**RAW DATA:**
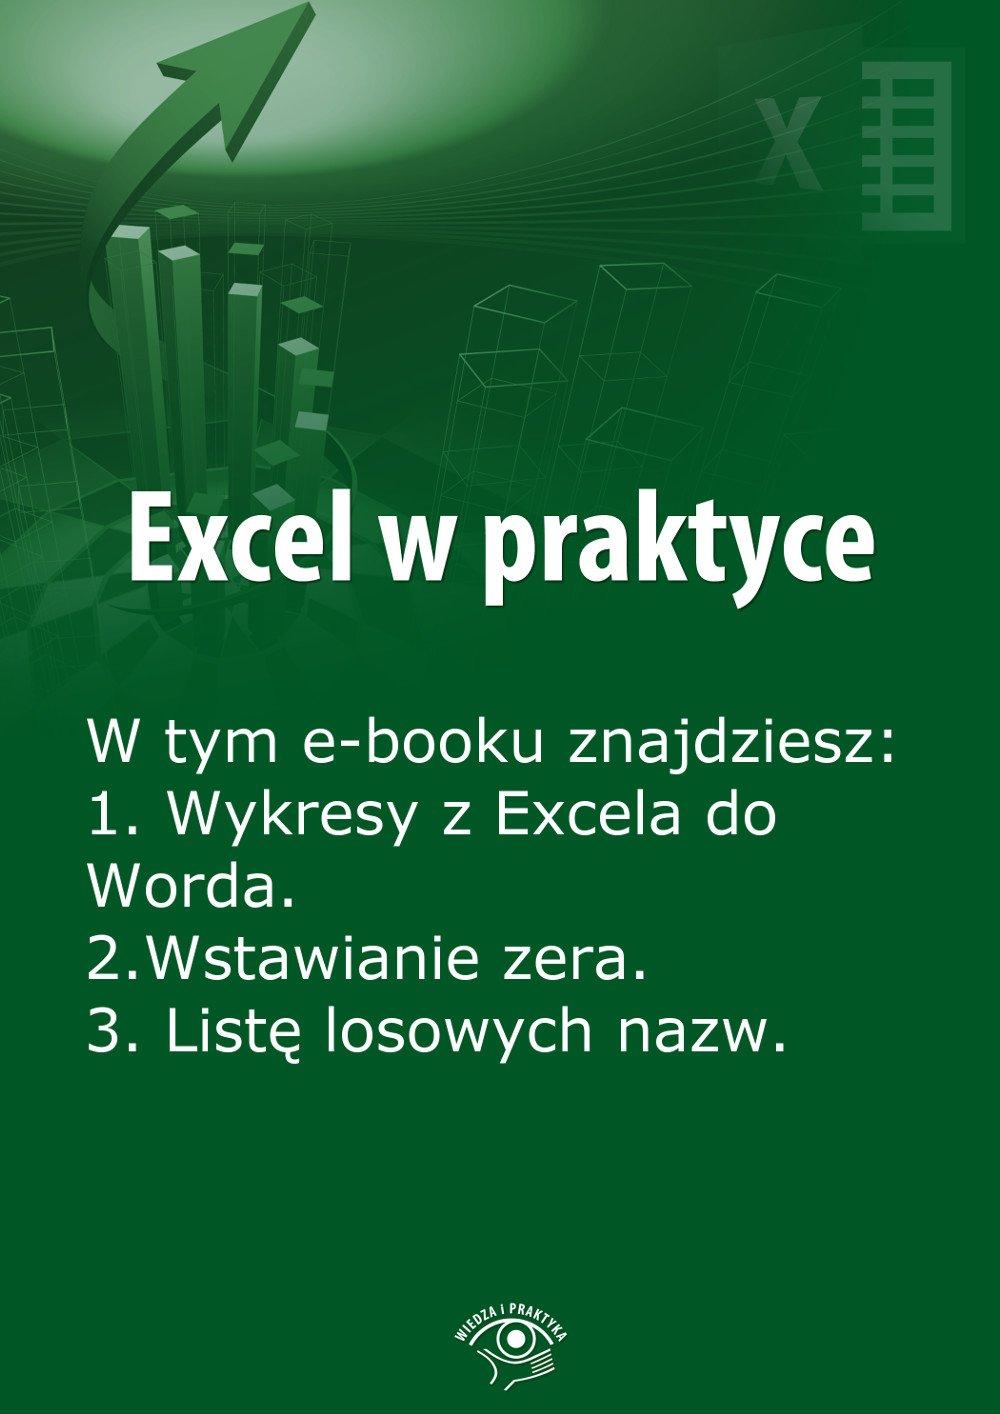 Excel w praktyce. Wydanie lipiec 2014 r. - Ebook (Książka EPUB) do pobrania w formacie EPUB
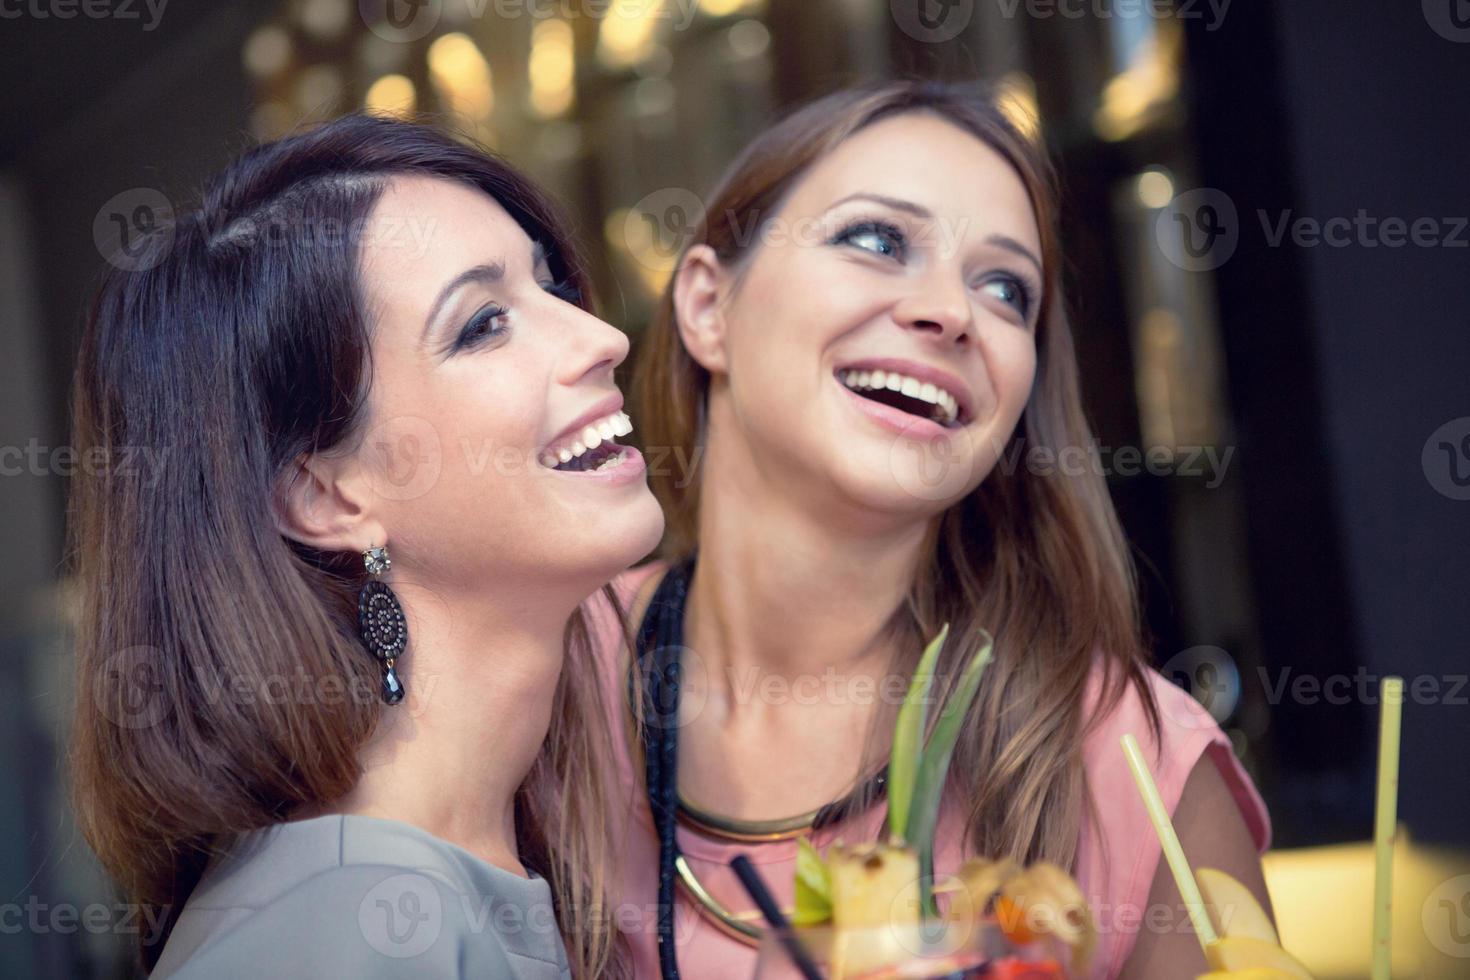 jovens rindo amigas se divertem na festa foto
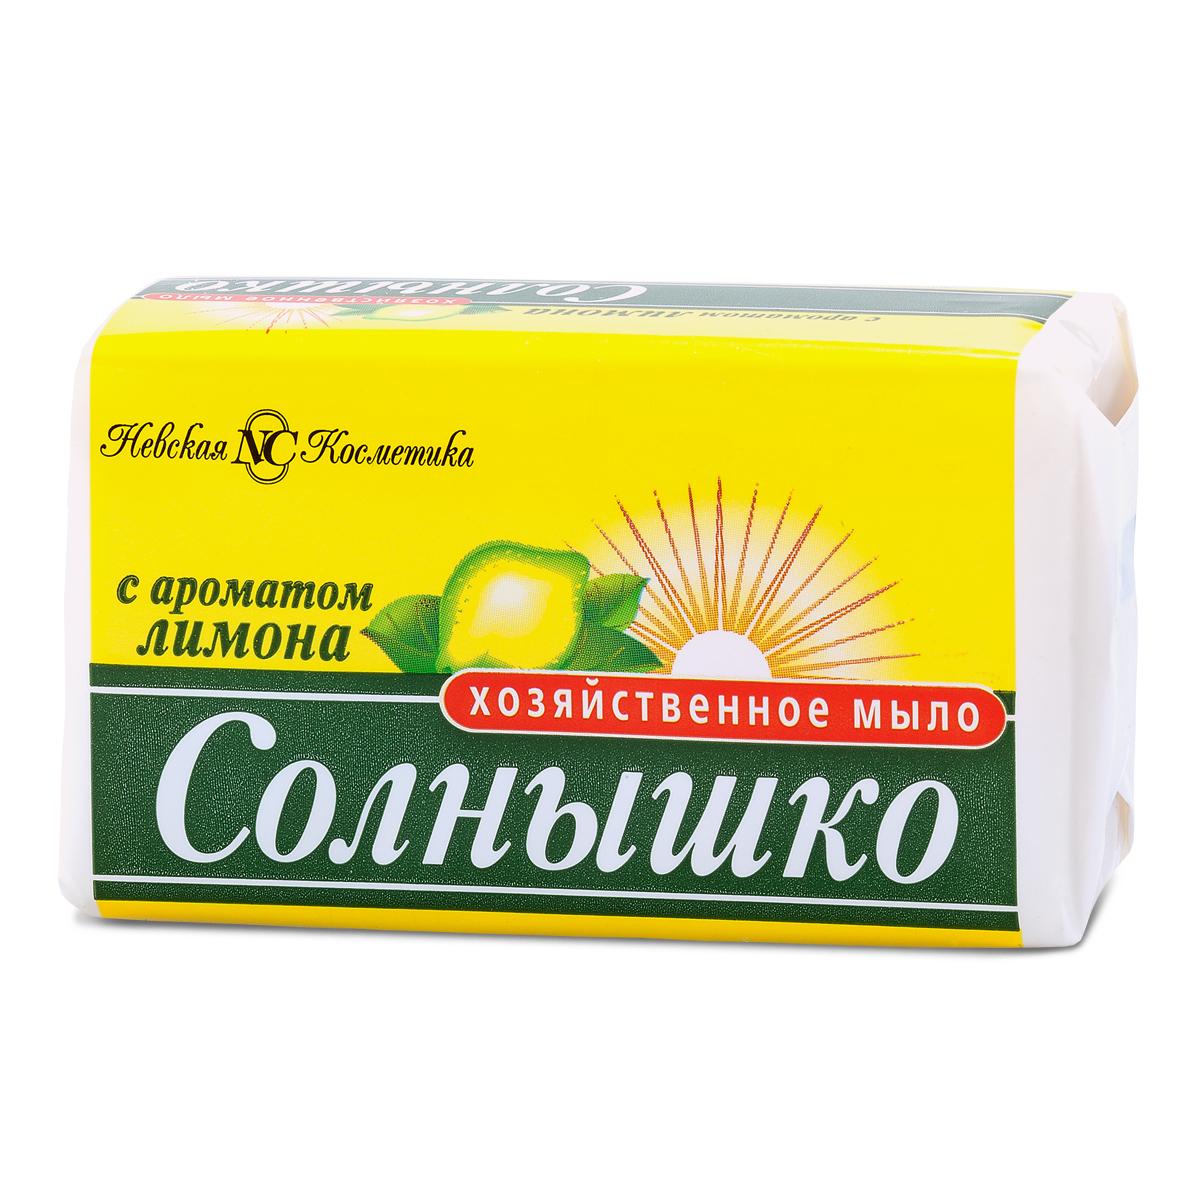 Купить Мыло хозяйственное Невская Косметика Солнышко с ароматом лимона, 140гр, Россия

**EXERCISE INSTRUCTIONS:**
Write the data out again word for word; leave the pictures behind.

**RESULT OF THE EXERCISE:**
 Excel w praktyce. Wydanie lipiec 2014 r. - Ebook (Książka EPUB) do pobrania w formacie EPUB
 jovens rindo amigas se divertem na festa foto
 Купить Мыло хозяйственное Невская Косметика Солнышко с ароматом лимона, 140гр, Россия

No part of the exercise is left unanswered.